- _Work to complete_: For this exercise, the lines from the one with "Bra con brillo" through the final line of the data below are to be transcribed exactly, and pictures are to be skipped.

- _Information supplied_:
○ ○ ○ ○

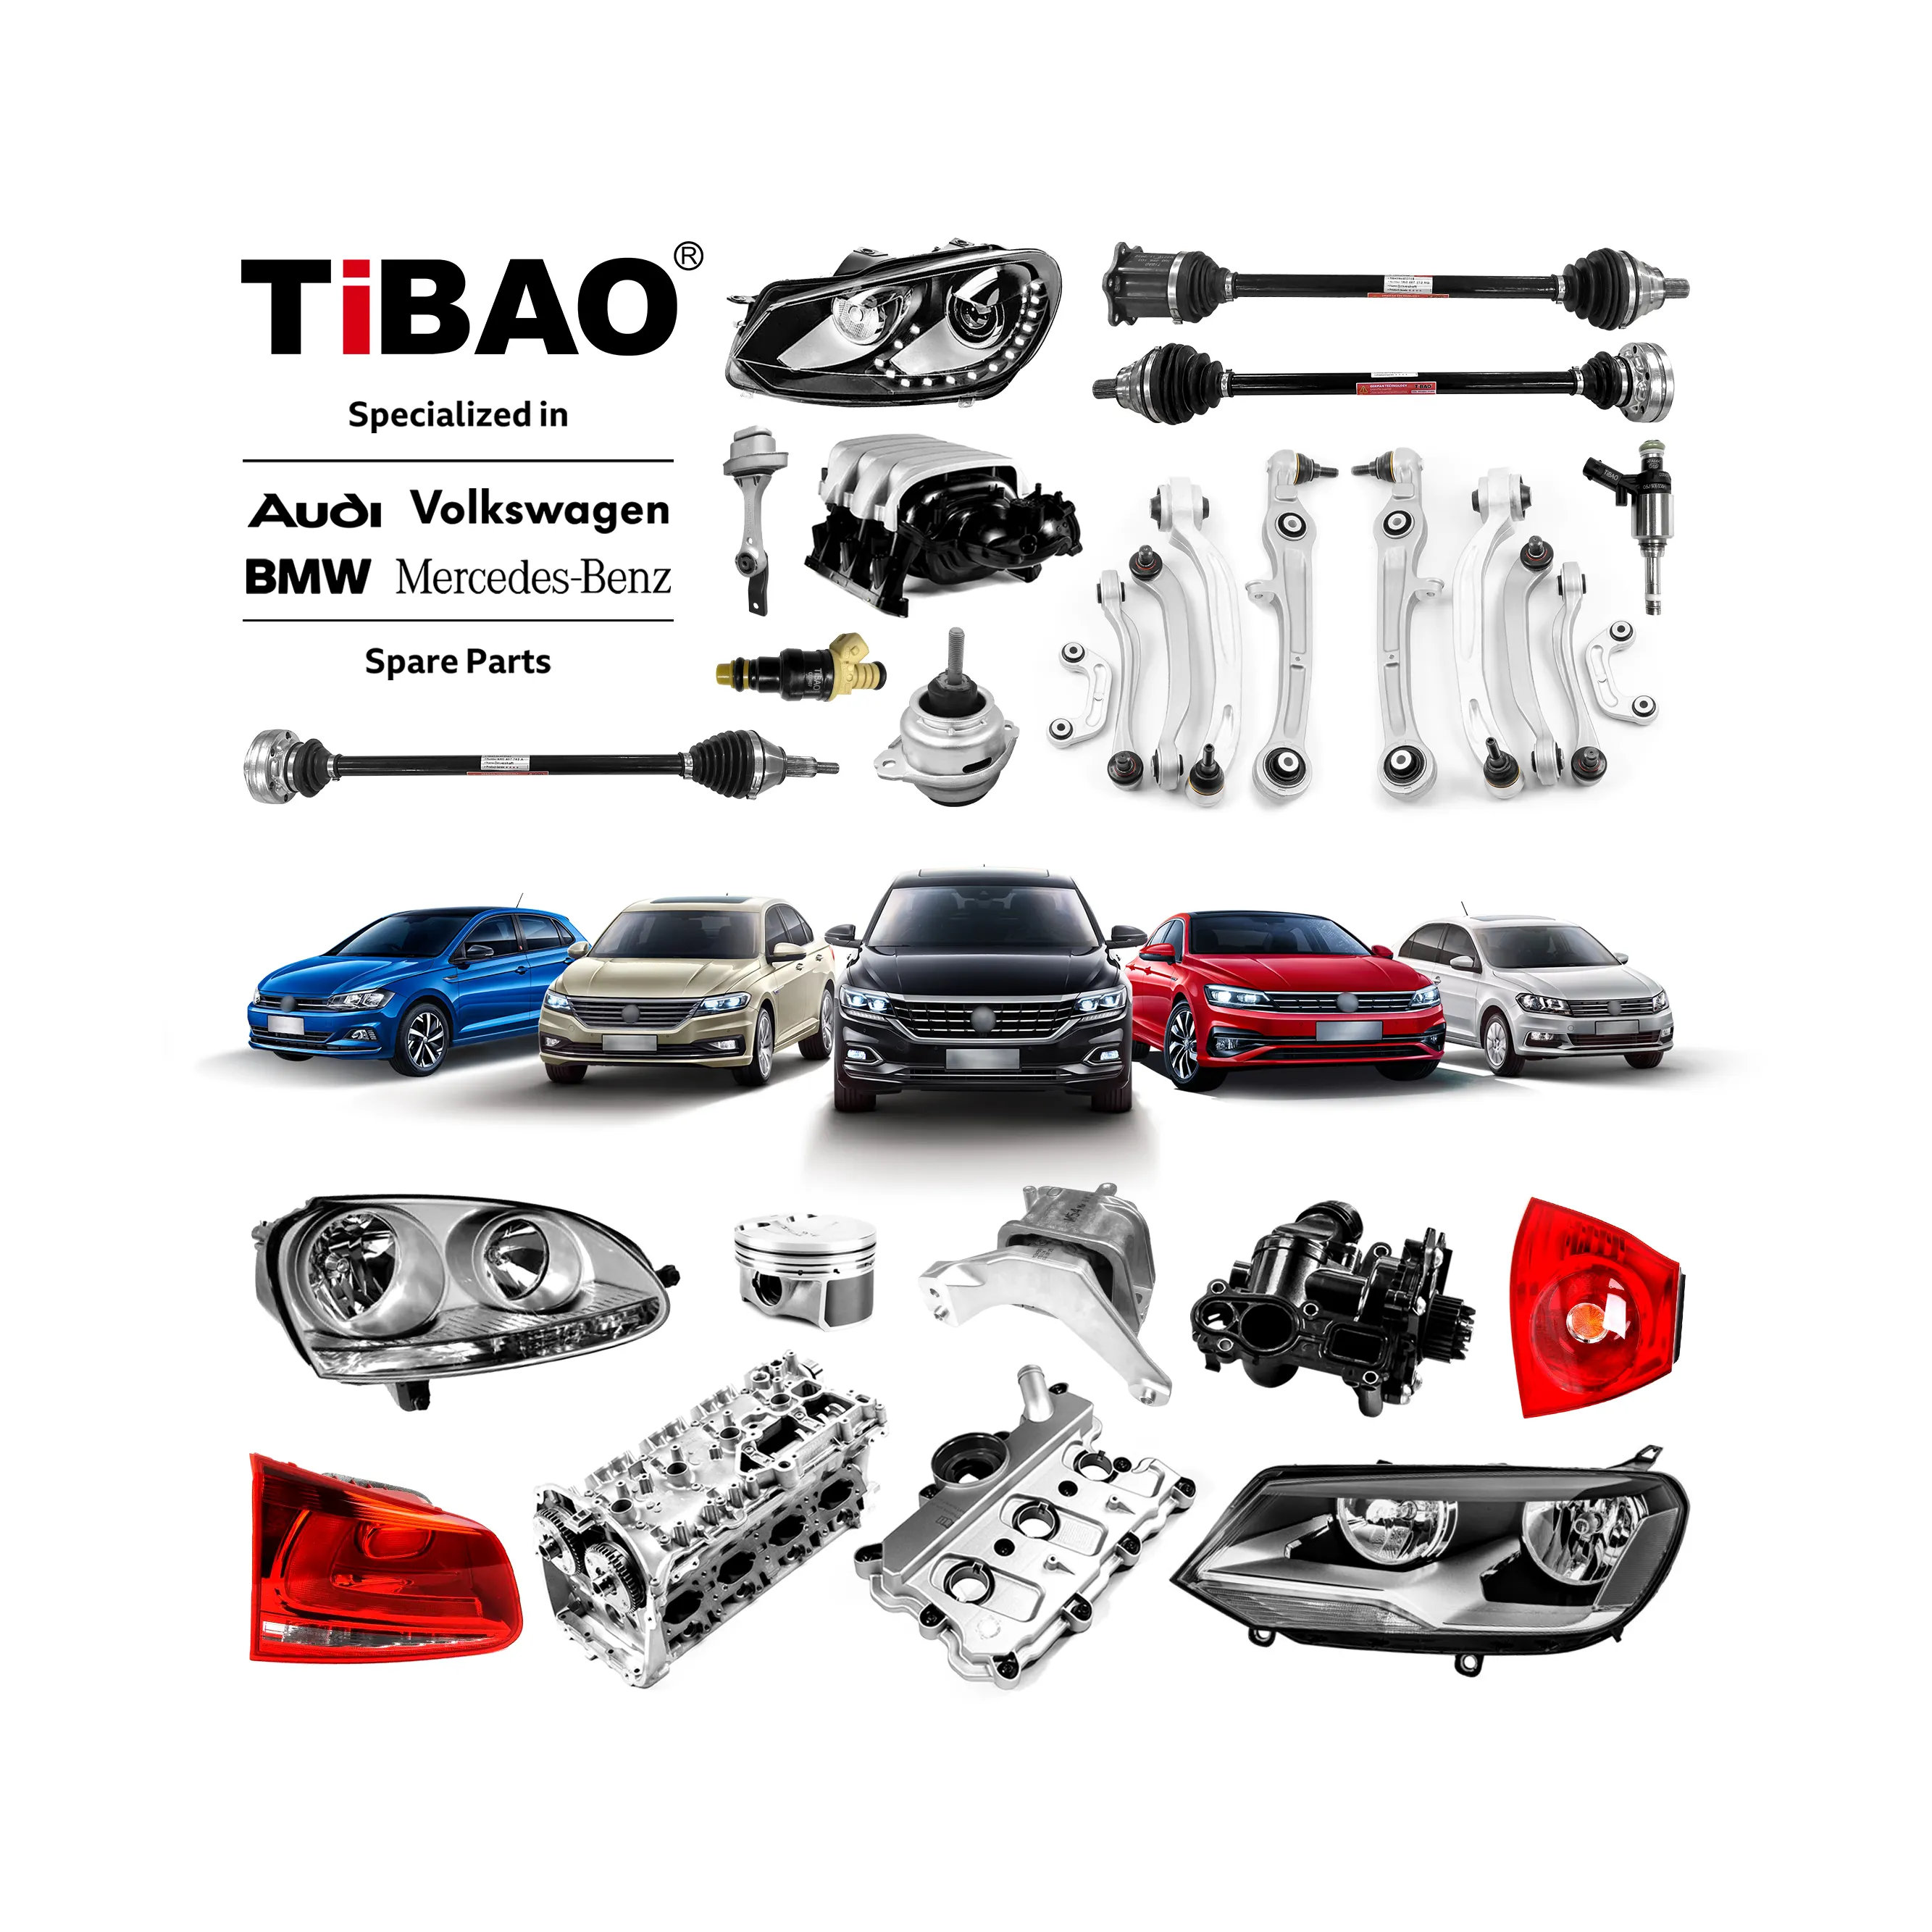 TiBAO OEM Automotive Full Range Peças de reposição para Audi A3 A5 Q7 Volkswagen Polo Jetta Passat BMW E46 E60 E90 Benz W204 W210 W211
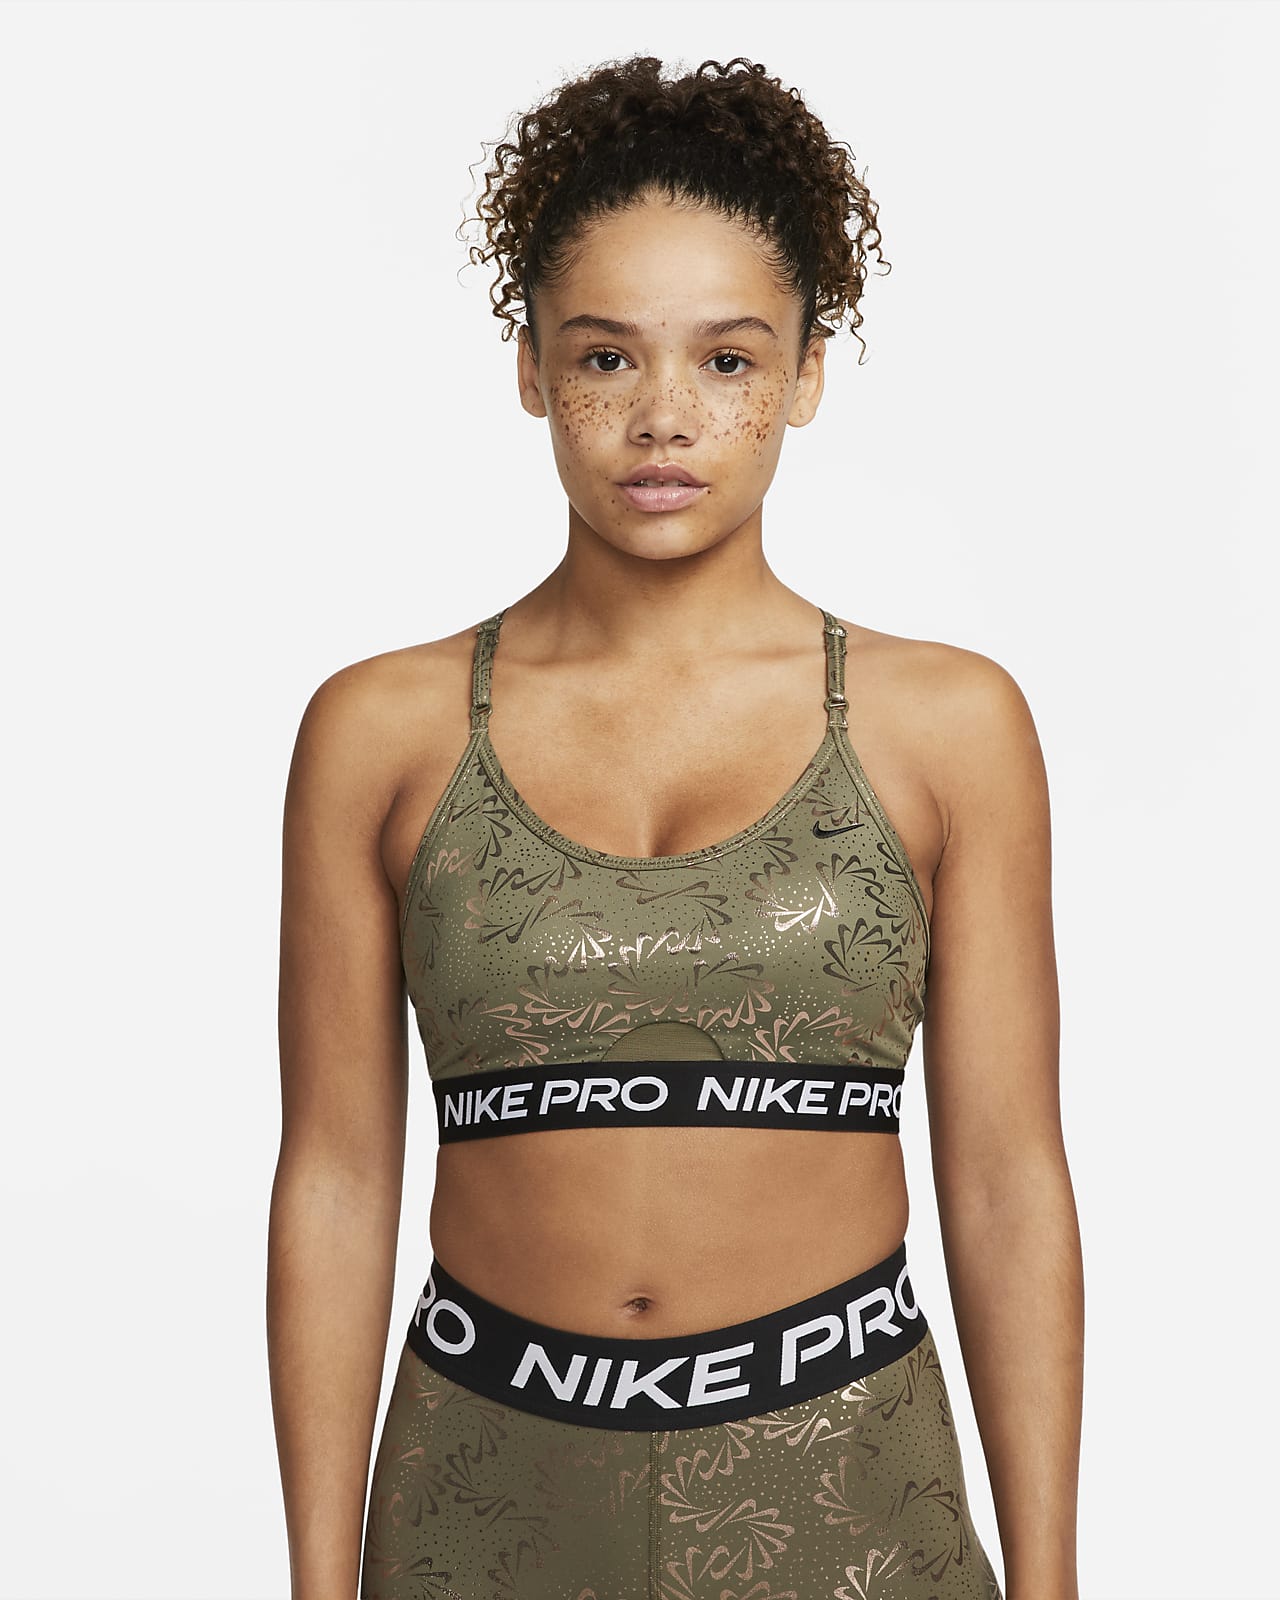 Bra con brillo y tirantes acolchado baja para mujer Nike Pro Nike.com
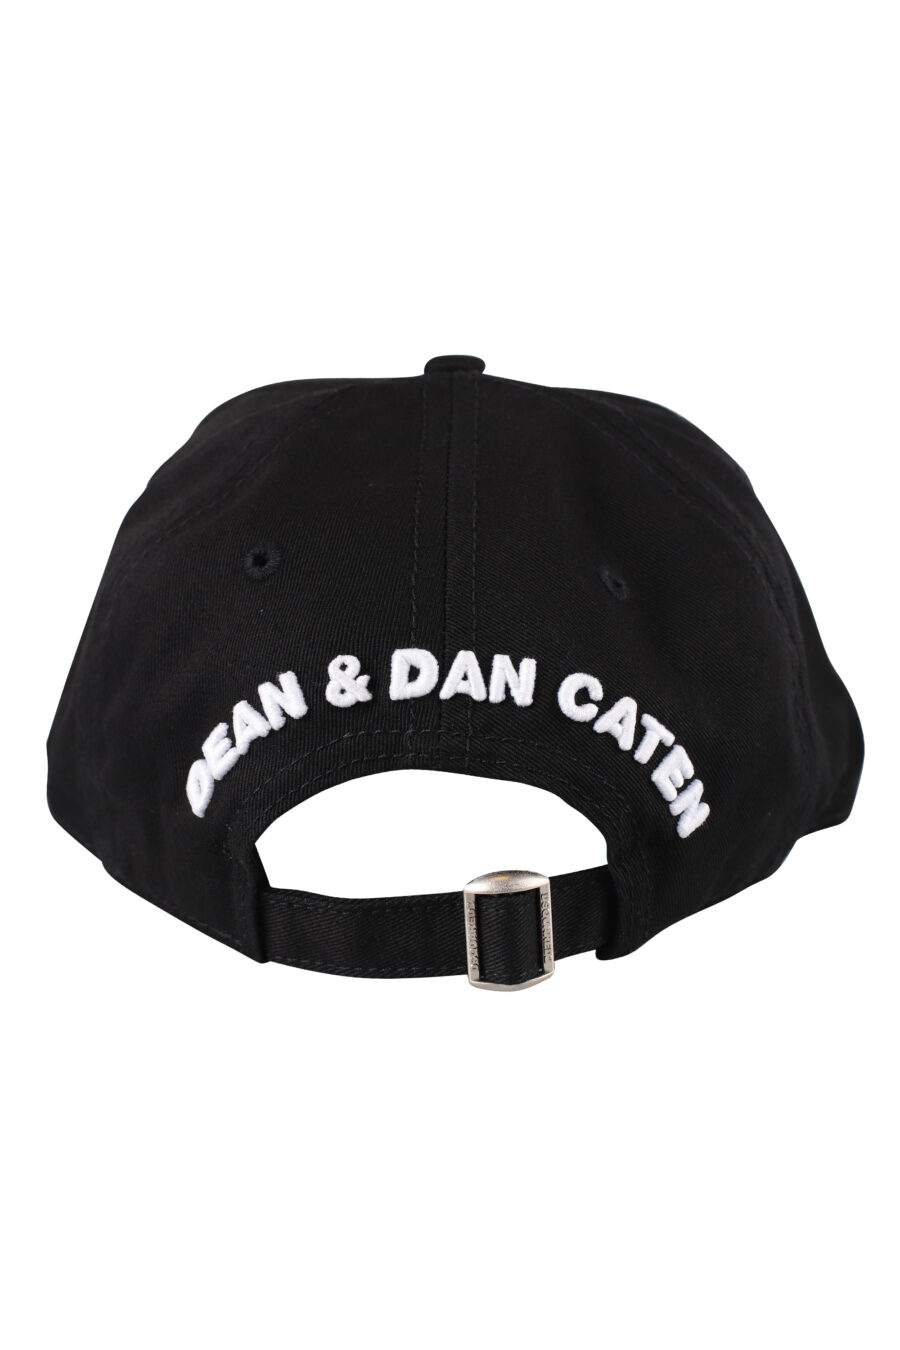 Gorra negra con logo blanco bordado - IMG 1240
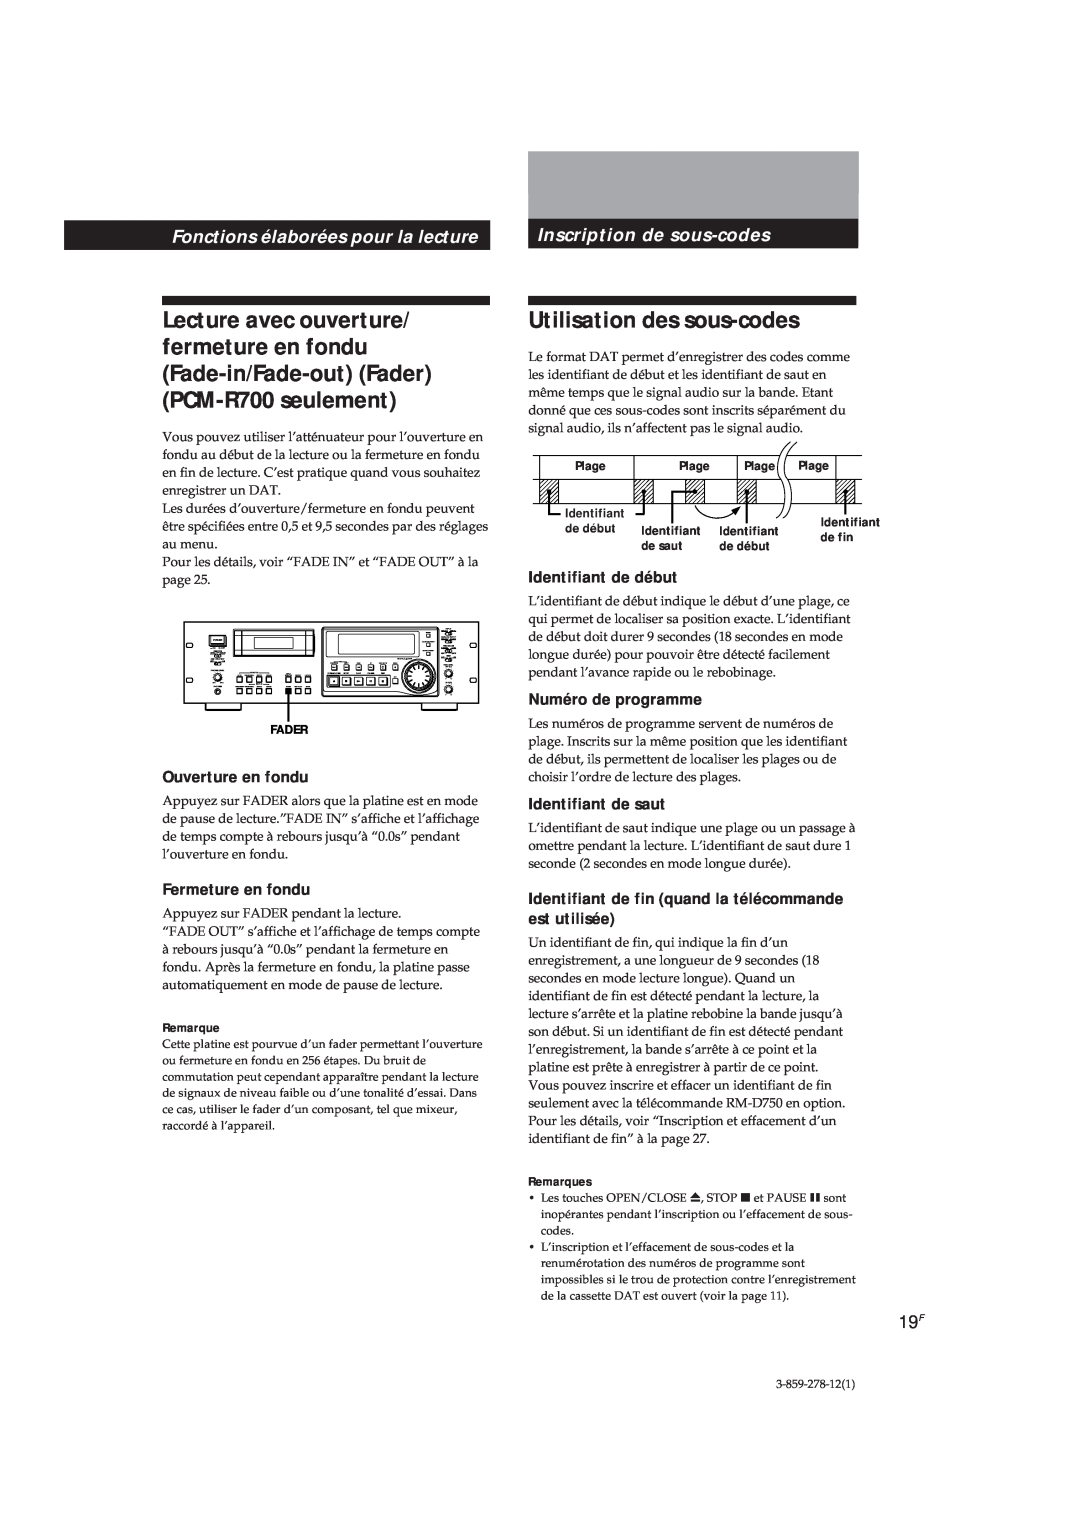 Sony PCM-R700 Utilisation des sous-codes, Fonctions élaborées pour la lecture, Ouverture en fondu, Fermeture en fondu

○ ○ ○ ○

- _Answer box_:
 Bra con brillo y tirantes acolchado baja para mujer Nike Pro Nike.com
 Gorra negra con logo blanco bordado - IMG 1240
 Sony PCM-R700 Utilisation des sous-codes, Fonctions élaborées pour la lecture, Ouverture en fondu, Fermeture en fondu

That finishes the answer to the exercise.